• _Task instructions_
Below are entries with pictures among them; reproduce exactly, and only, the lines from the one containing "Brazil In Movement" down to the one containing "26673 Describe Civil", without the pictures.

• _Dataset records_
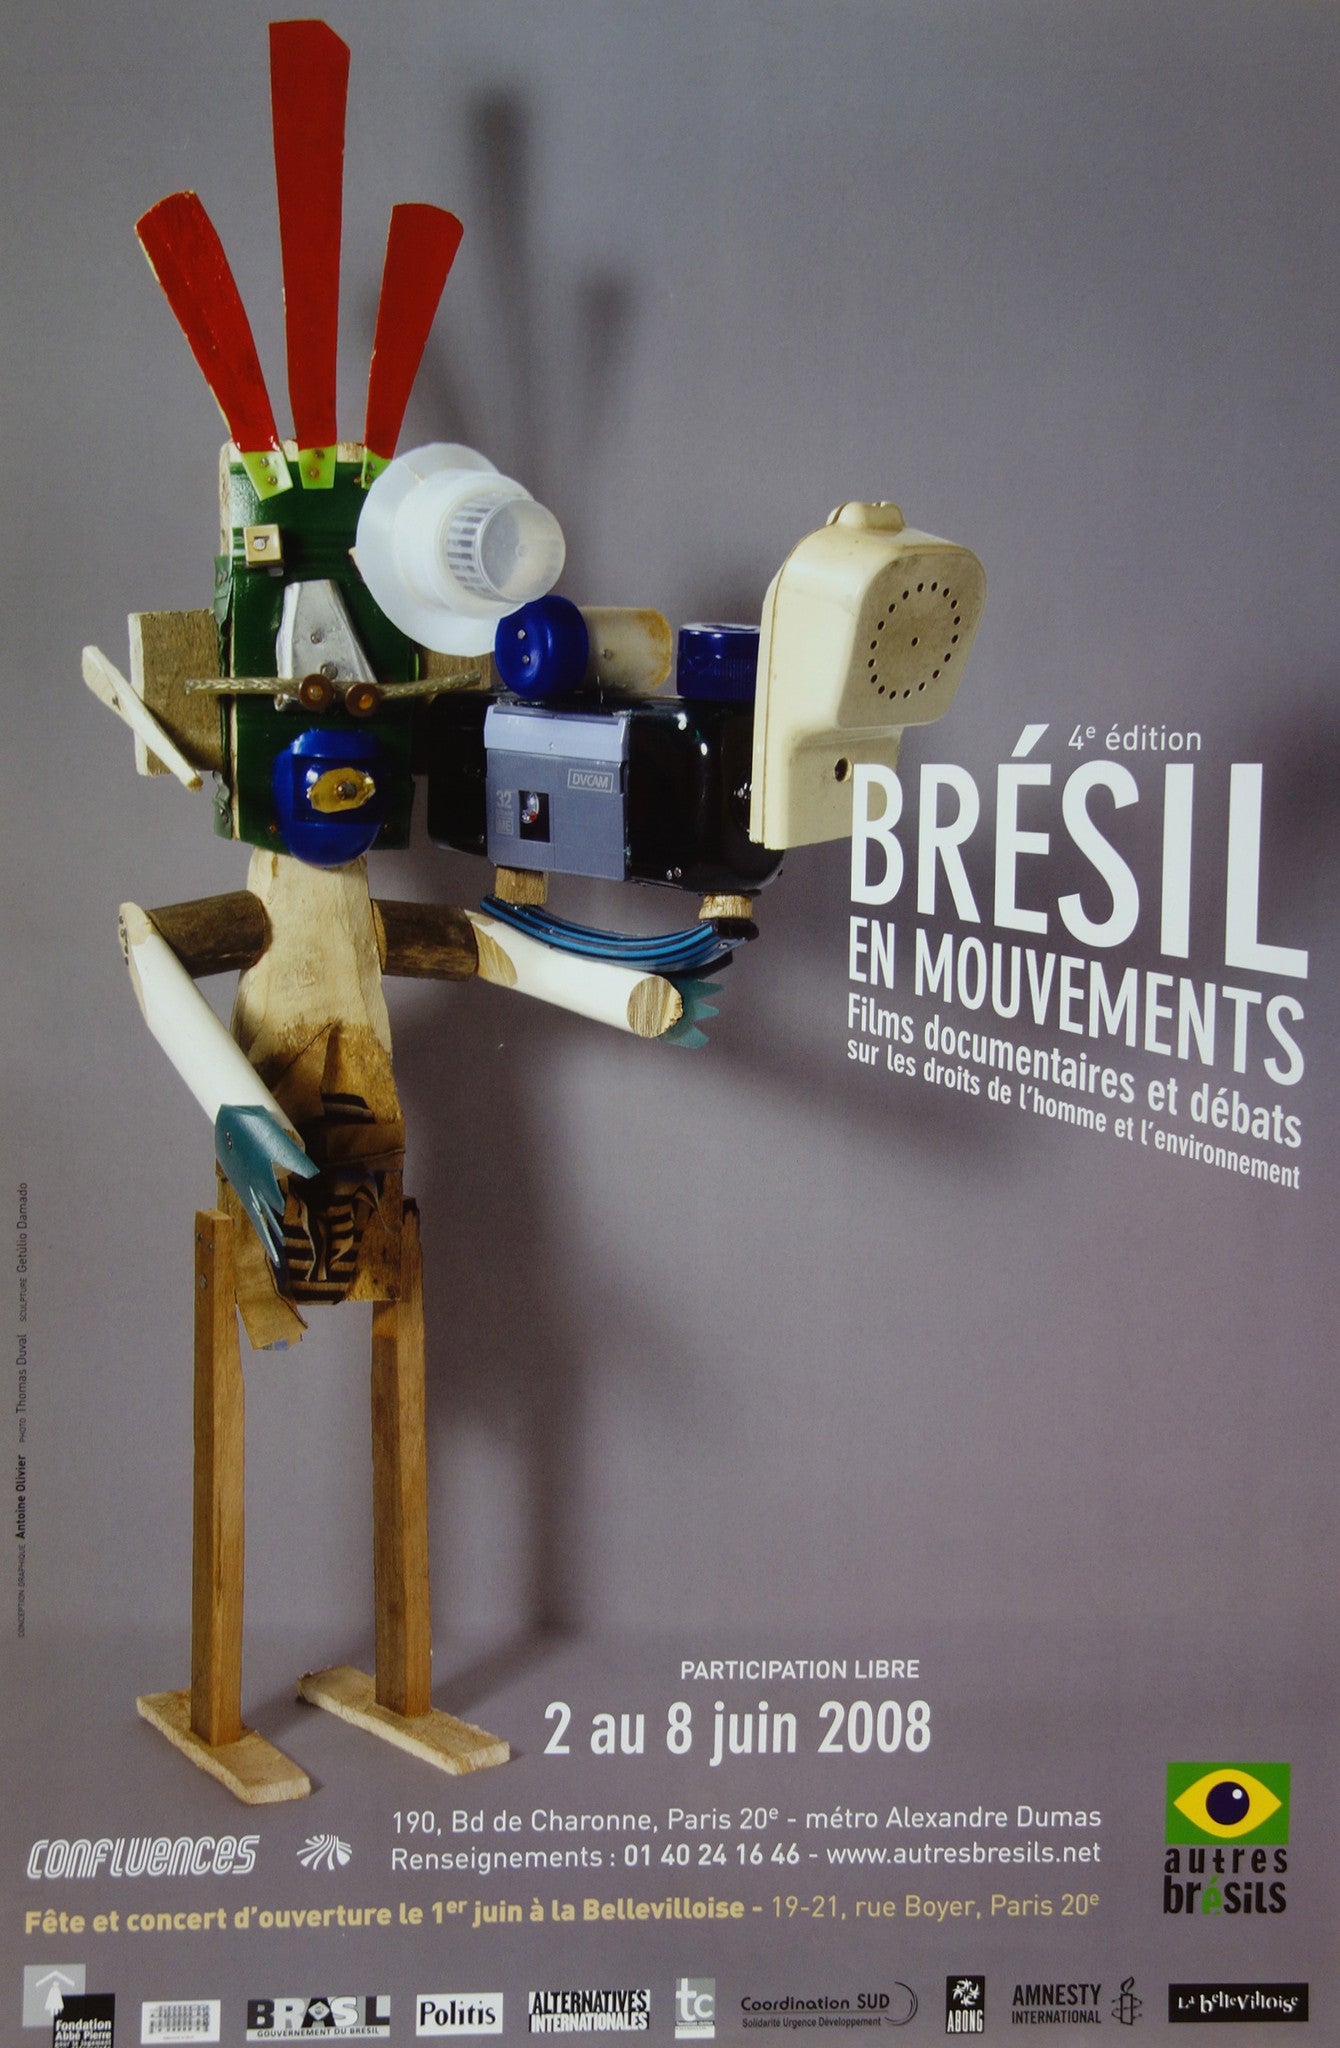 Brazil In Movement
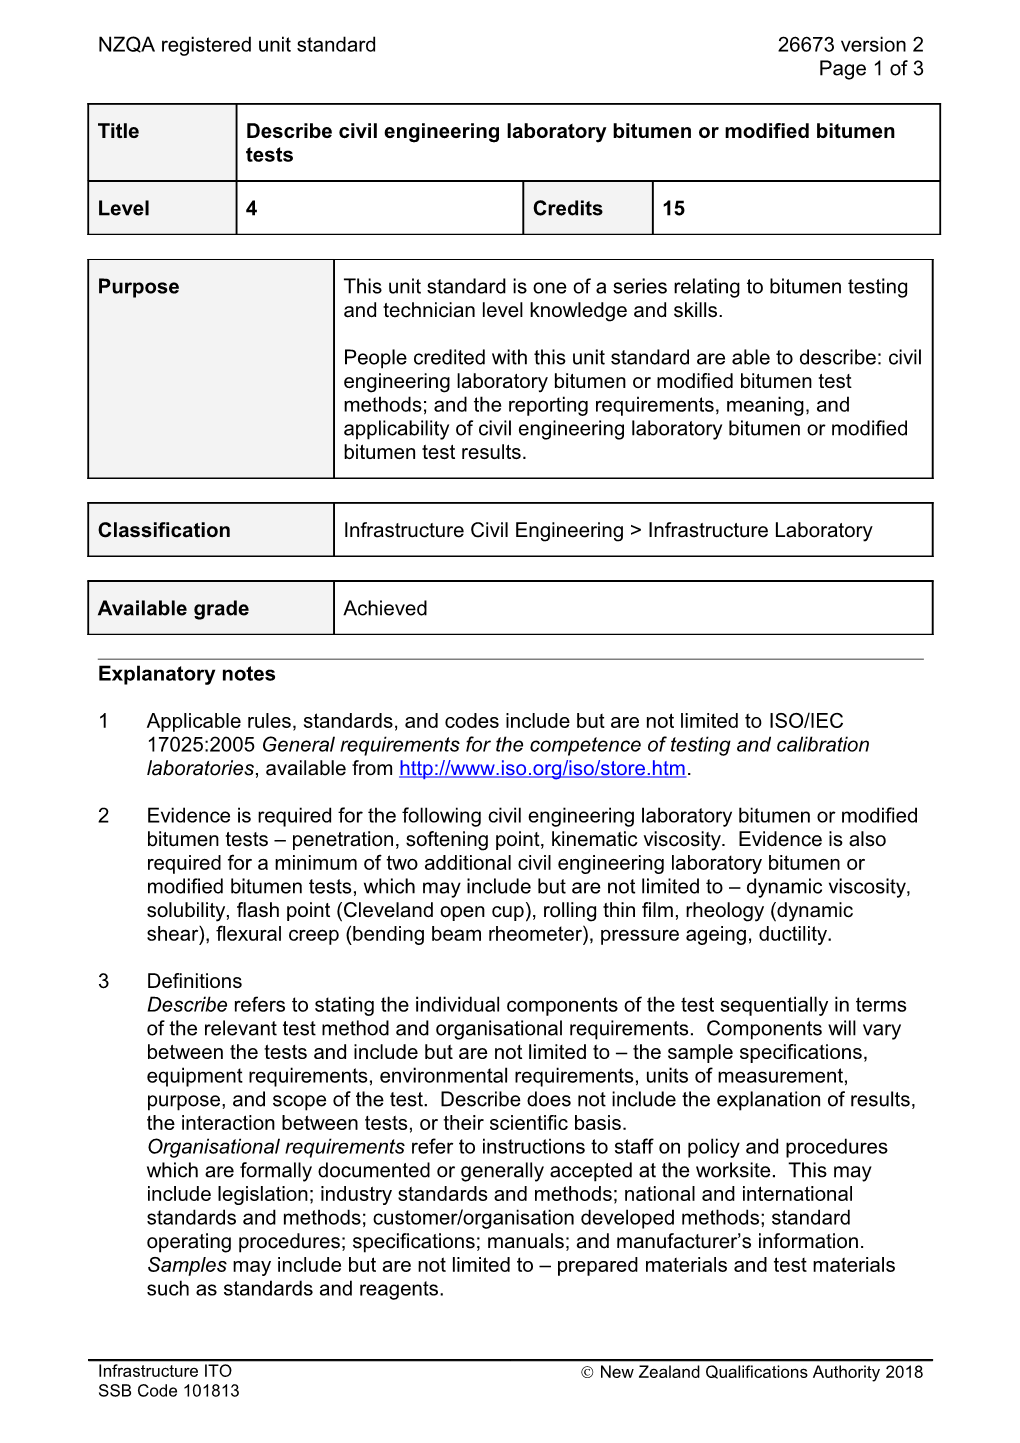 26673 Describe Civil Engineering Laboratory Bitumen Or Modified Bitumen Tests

==

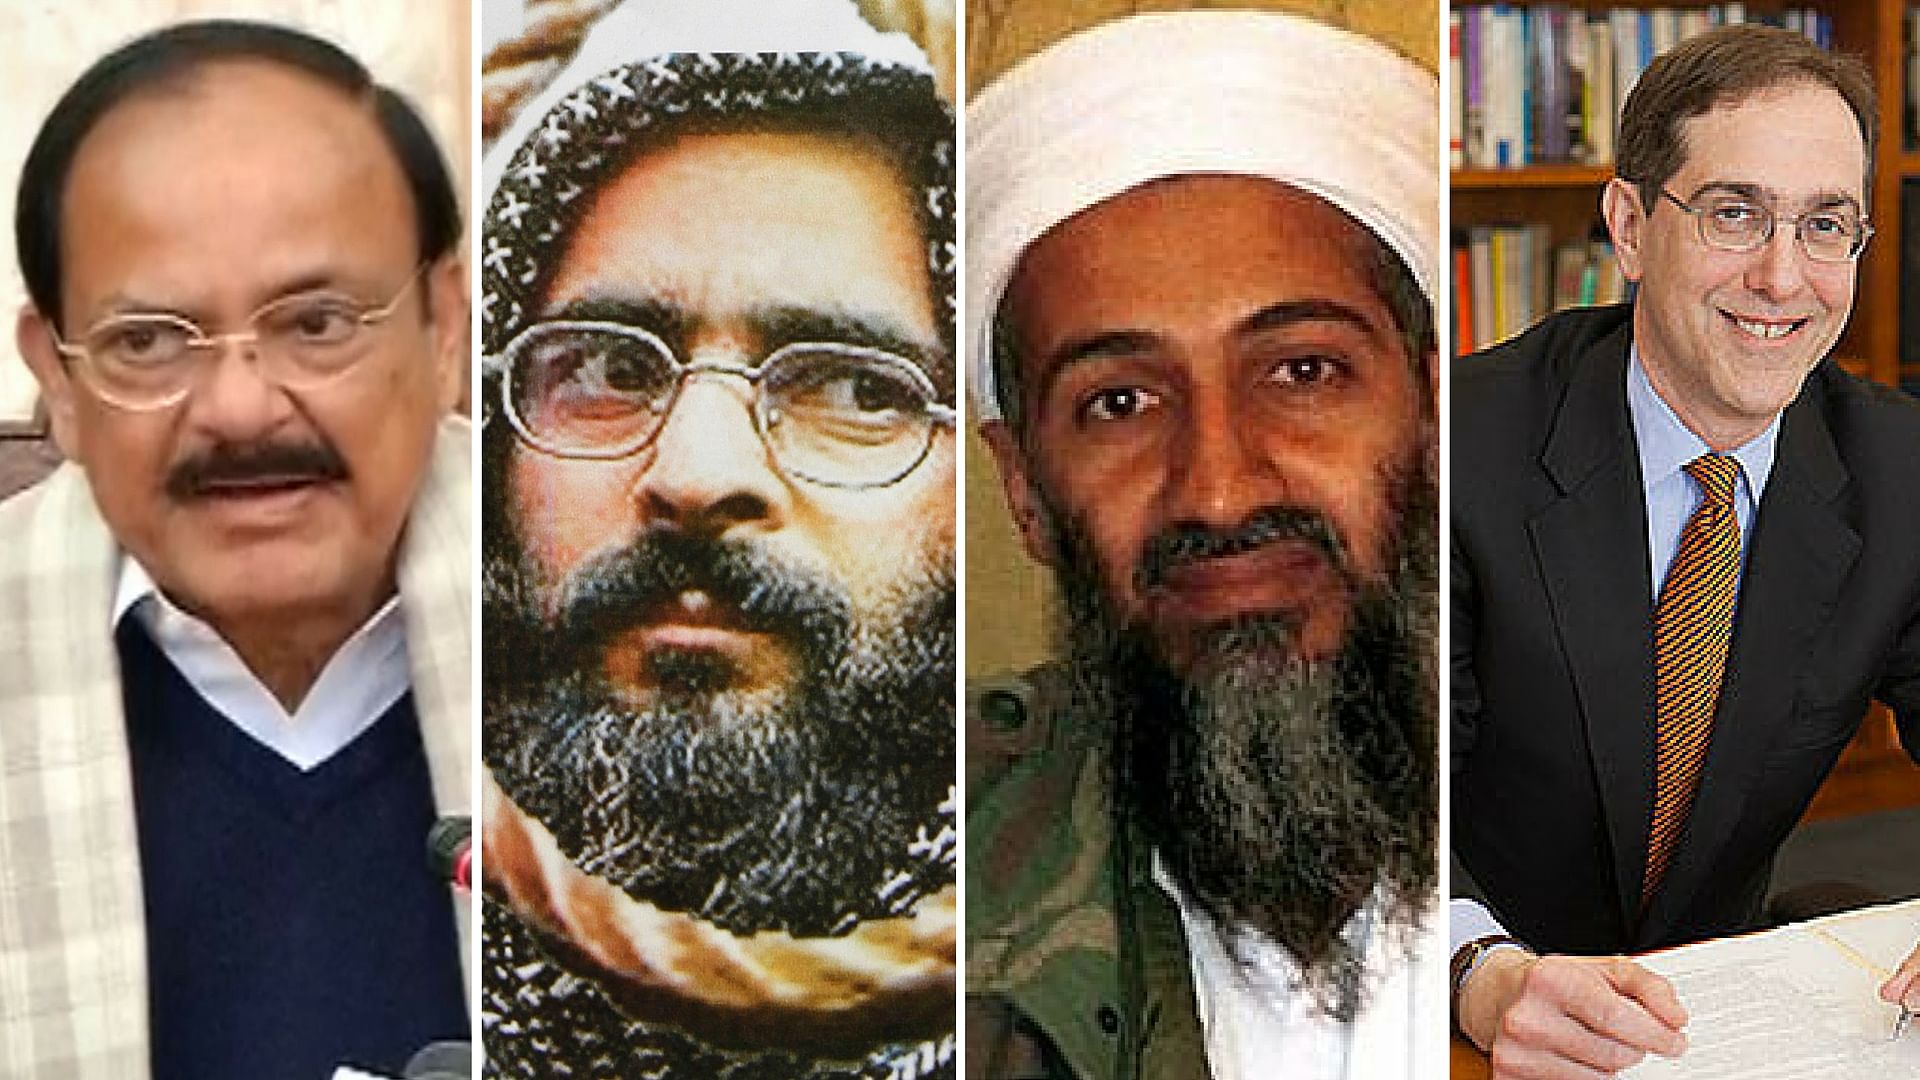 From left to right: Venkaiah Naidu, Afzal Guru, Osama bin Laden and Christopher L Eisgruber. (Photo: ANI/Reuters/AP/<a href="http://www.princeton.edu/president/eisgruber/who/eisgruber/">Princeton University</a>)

---

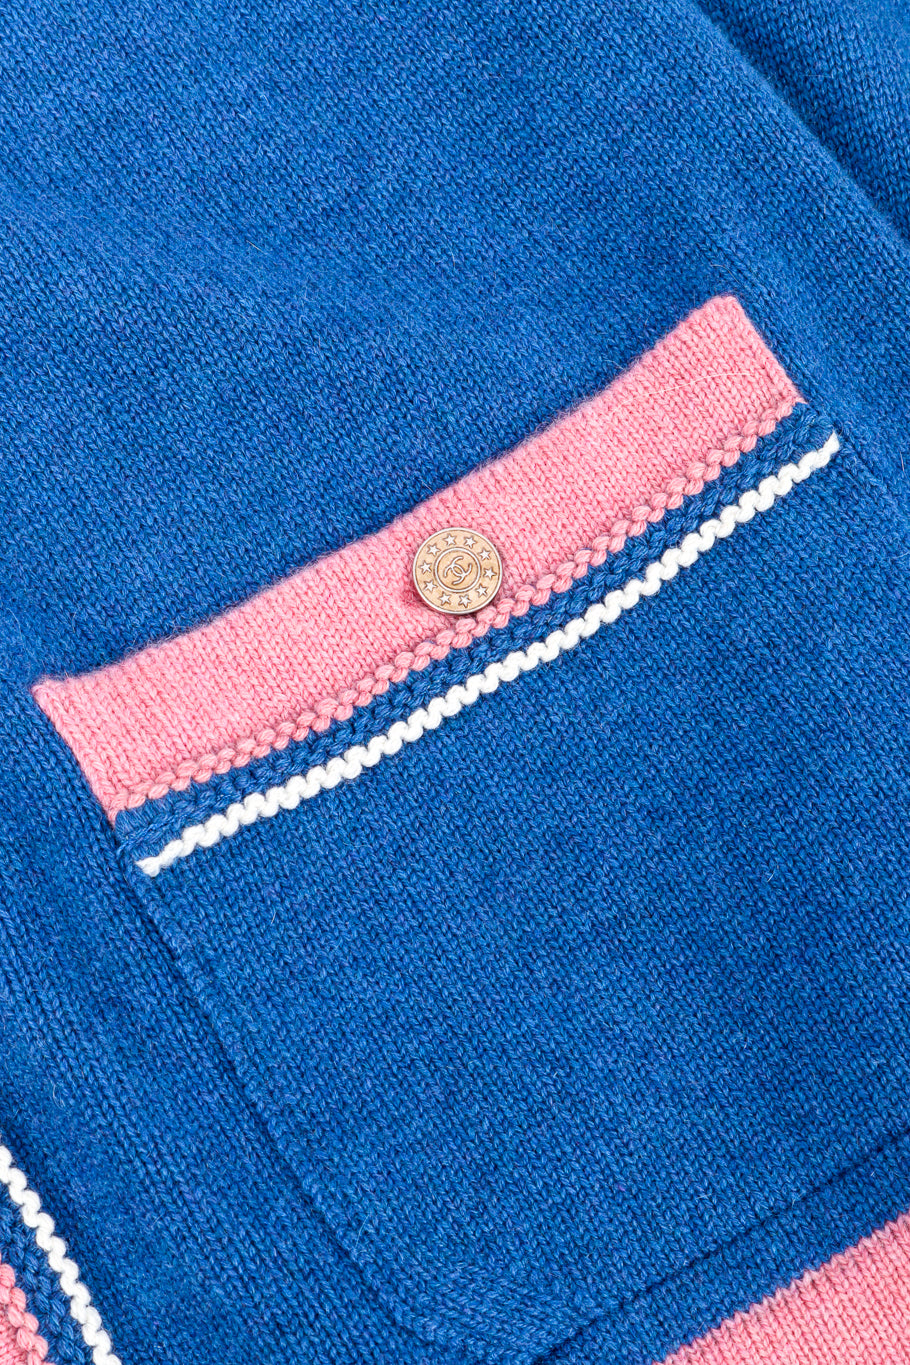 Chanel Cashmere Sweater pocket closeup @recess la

• _Solved exercise_
 Brazil In Movement
 26673 Describe Civil Engineering Laboratory Bitumen Or Modified Bitumen Tests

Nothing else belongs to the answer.